Download or read book Dilemmas of Desire written by Deborah L. TOLMAN and published by Harvard University Press. This book was released on 2009-06-30 with total page 272 pages. Available in PDF, EPUB and Kindle. Book excerpt: Be sexy but not sexual. Don't be a prude but don't be a slut. These are the cultural messages that barrage teenage girls. In movies and magazines, in music and advice columns, girls are portrayed as the object or the victim of someone else's desire--but virtually never as someone with acceptable sexual feelings of her own. What teenage girls make of these contradictory messages, and what they make of their awakening sexuality--so distant from and yet so susceptible to cultural stereotypes--emerges for the first time in frank and complex fashion in Deborah Tolman's Dilemmas of Desire.

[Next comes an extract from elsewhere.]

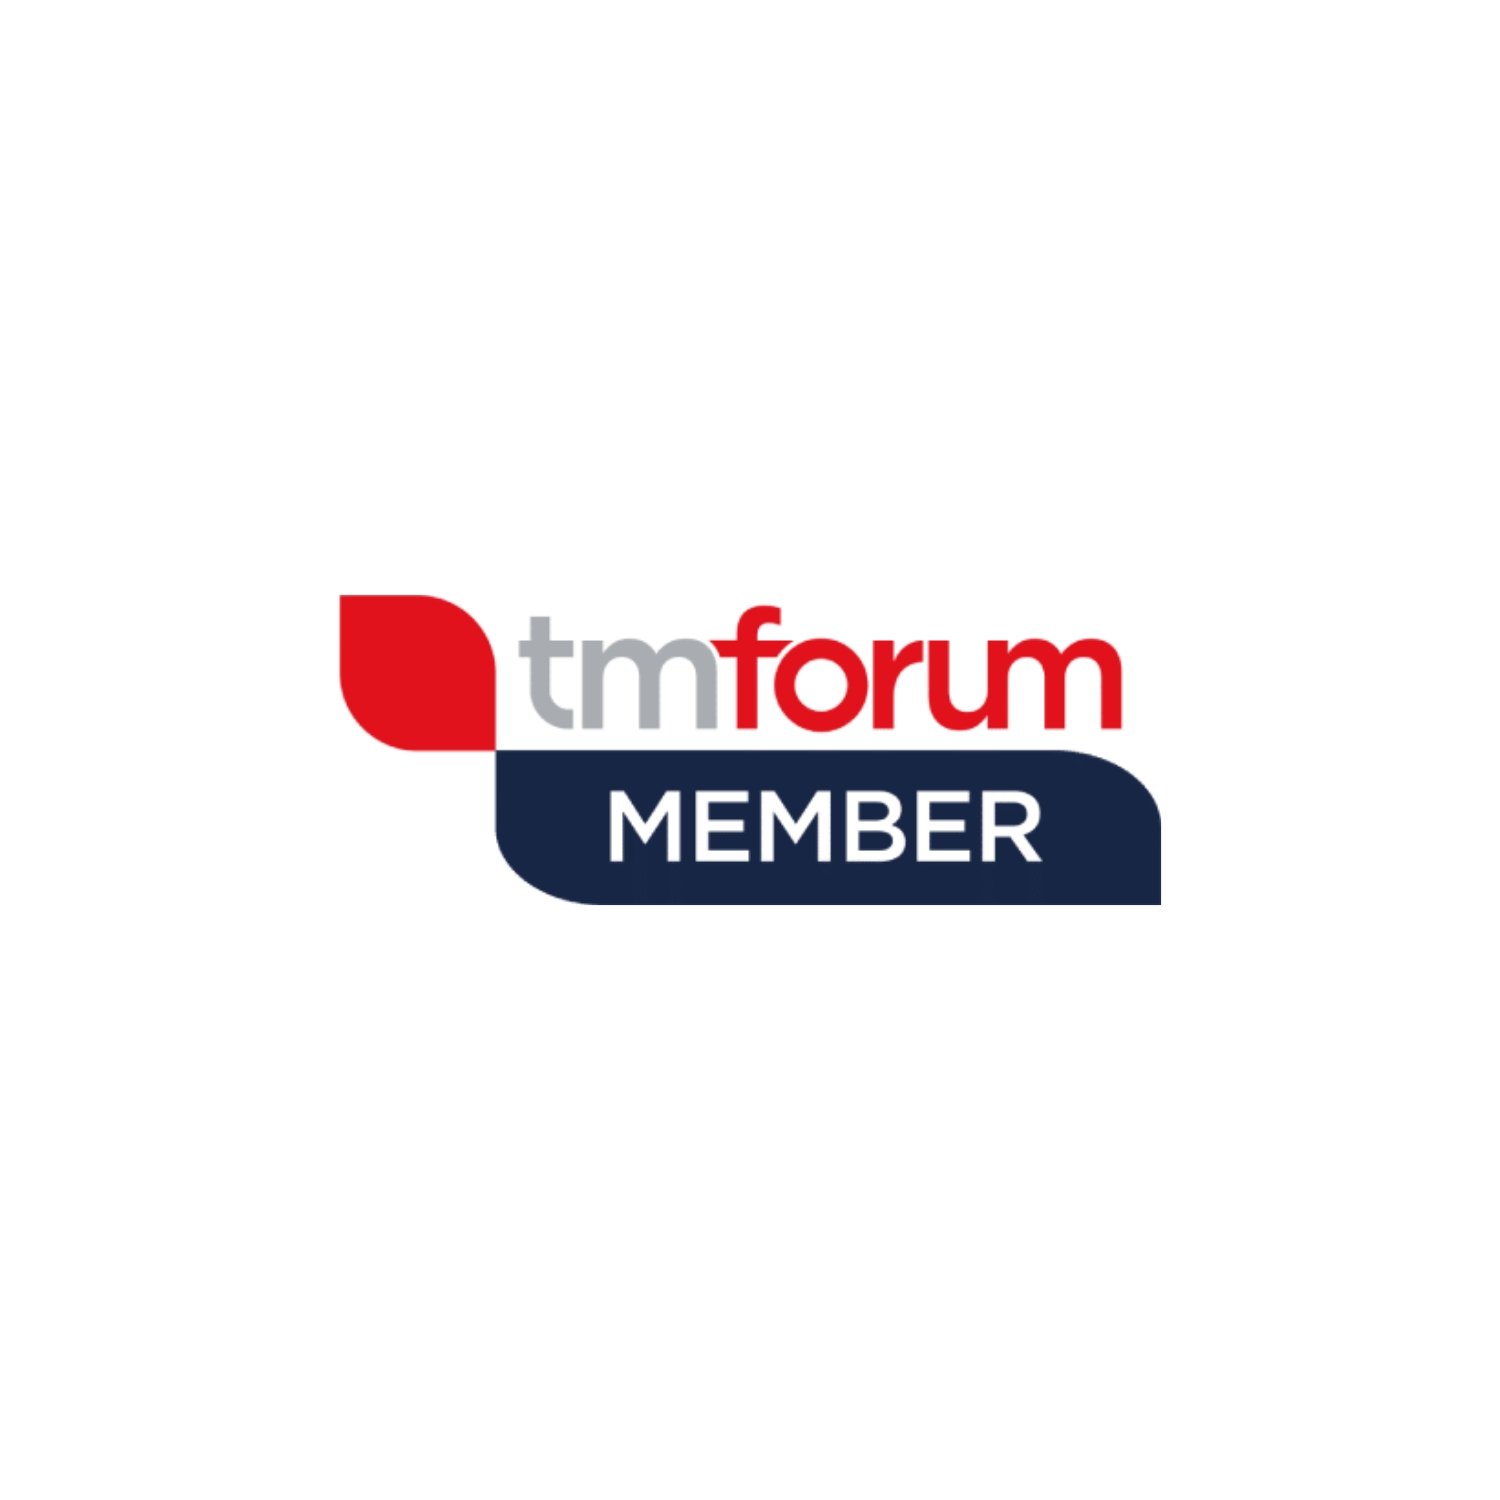 tm forum member

A unique look into the world of adolescent sexuality, this book offers an intimate and often disturbing, sometimes inspiring, picture of how teenage girls experience, understand, and respond to their sexual feelings, and of how society mediates, shapes, and distorts this experience. In extensive interviews, we listen as actual adolescent girls--both urban and suburban--speak candidly of their curiosity and confusion, their pleasure and disappointment, their fears, defiance, or capitulation in the face of a seemingly imperishable double standard that smiles upon burgeoning sexuality in boys yet frowns, even panics, at its equivalent in girls. As a vivid evocation of girls negotiating some of the most vexing issues of adolescence, and as a thoughtful, richly informed examination of the dilemmas these girls face, this readable and revealing book begins the critical work of understanding the sexuality of young women in all its personal, social, and emotional significance.